### Exercise aim
All of the data is to be printed exactly, though the images must be left off.

### Source data
»»

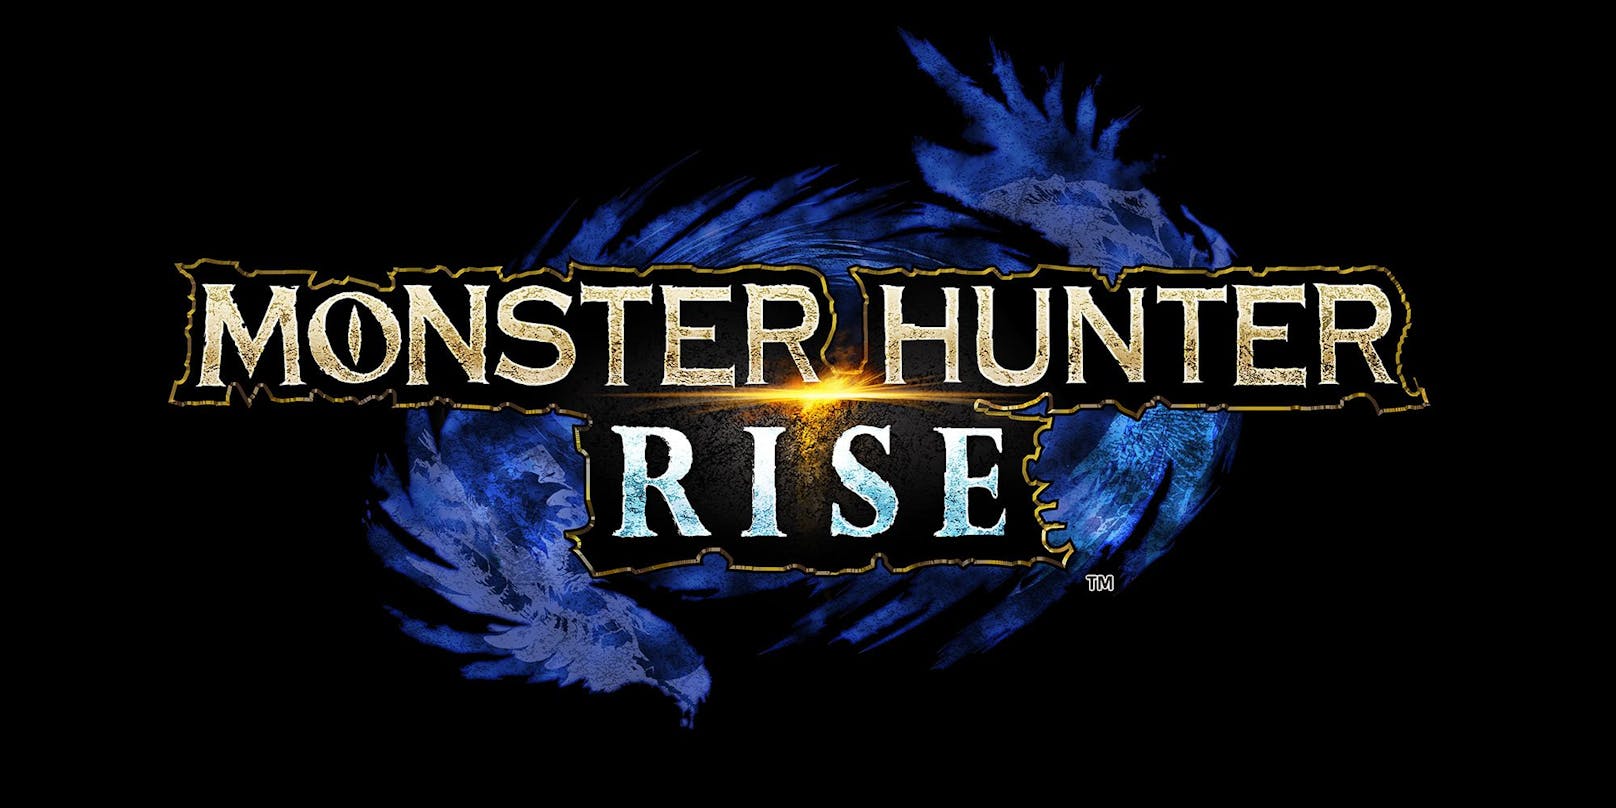 Technisch überrascht "Monster Hunter Rise" auf der Switch gewaltig. Schon die normale Spielgrafik ist sehenswert mit schönen Details und wunderbar flüssigen Animationen.
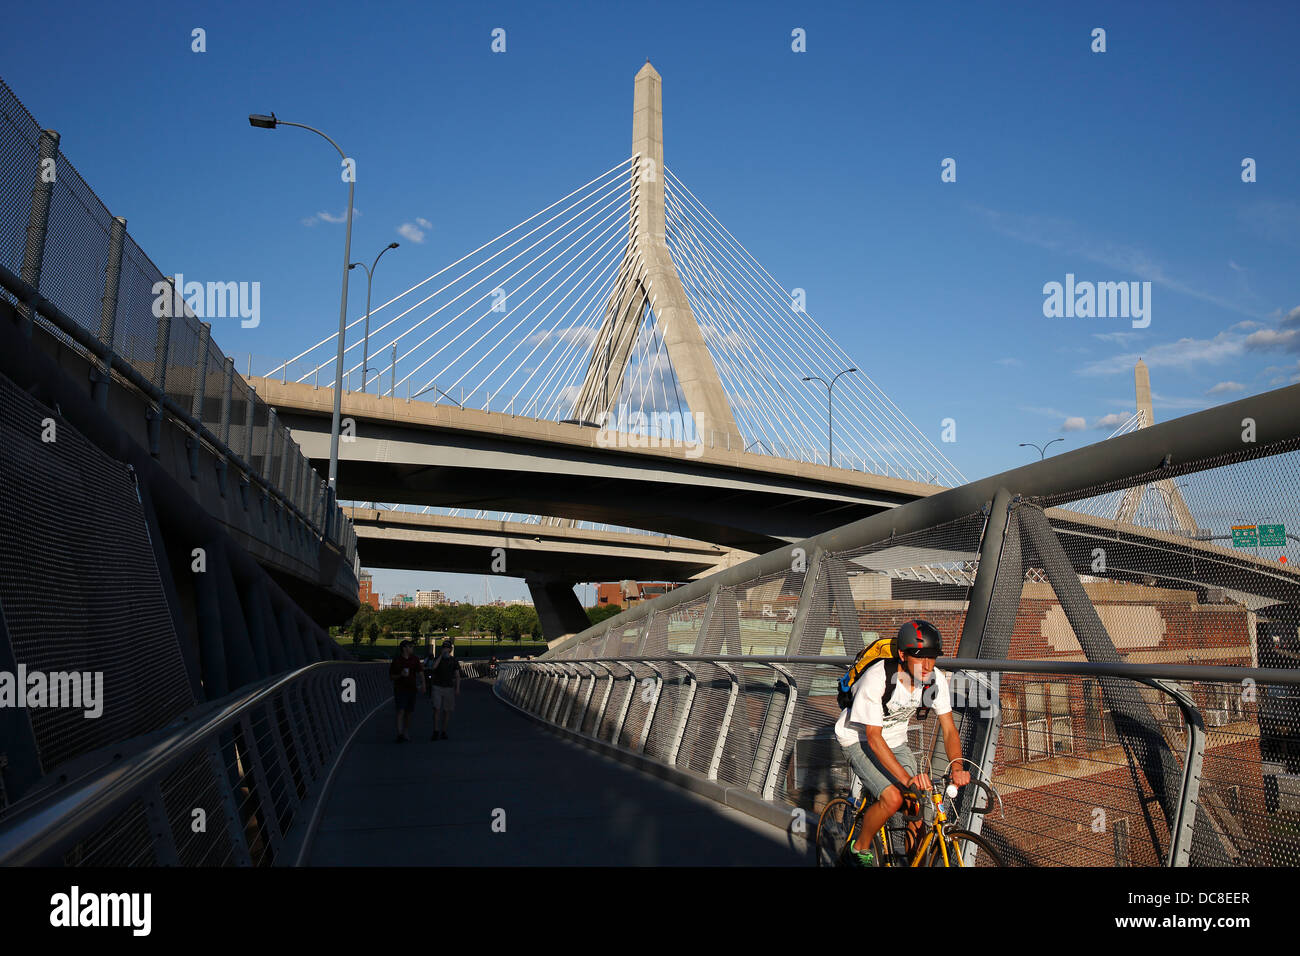 Leonard P. Zakim Bunker Hill Bridge over the Charles River in Boston, Massachusetts Stock Photo
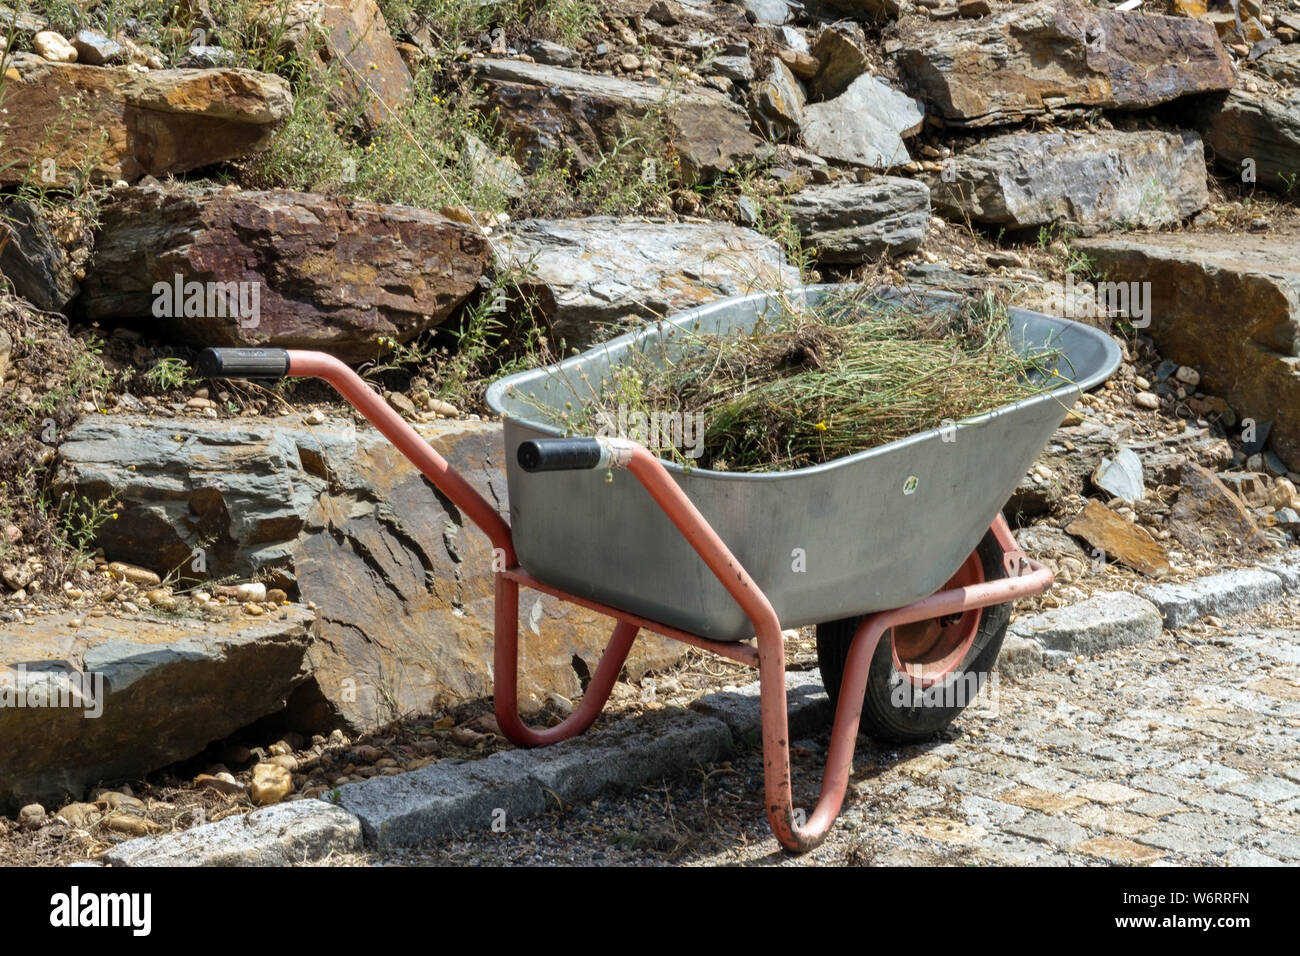 Entfernt trockene Pflanzen und Unkraut von ornamentalen Rock Garden in einer Schubkarre Stockfoto

««

### Solution for this exercise
 Technisch überrascht "Monster Hunter Rise" auf der Switch gewaltig. Schon die normale Spielgrafik ist sehenswert mit schönen Details und wunderbar flüssigen Animationen.
 Leonard P. Zakim Bunker Hill Bridge over the Charles River in Boston, Massachusetts Stock Photo
 Entfernt trockene Pflanzen und Unkraut von ornamentalen Rock Garden in einer Schubkarre Stockfoto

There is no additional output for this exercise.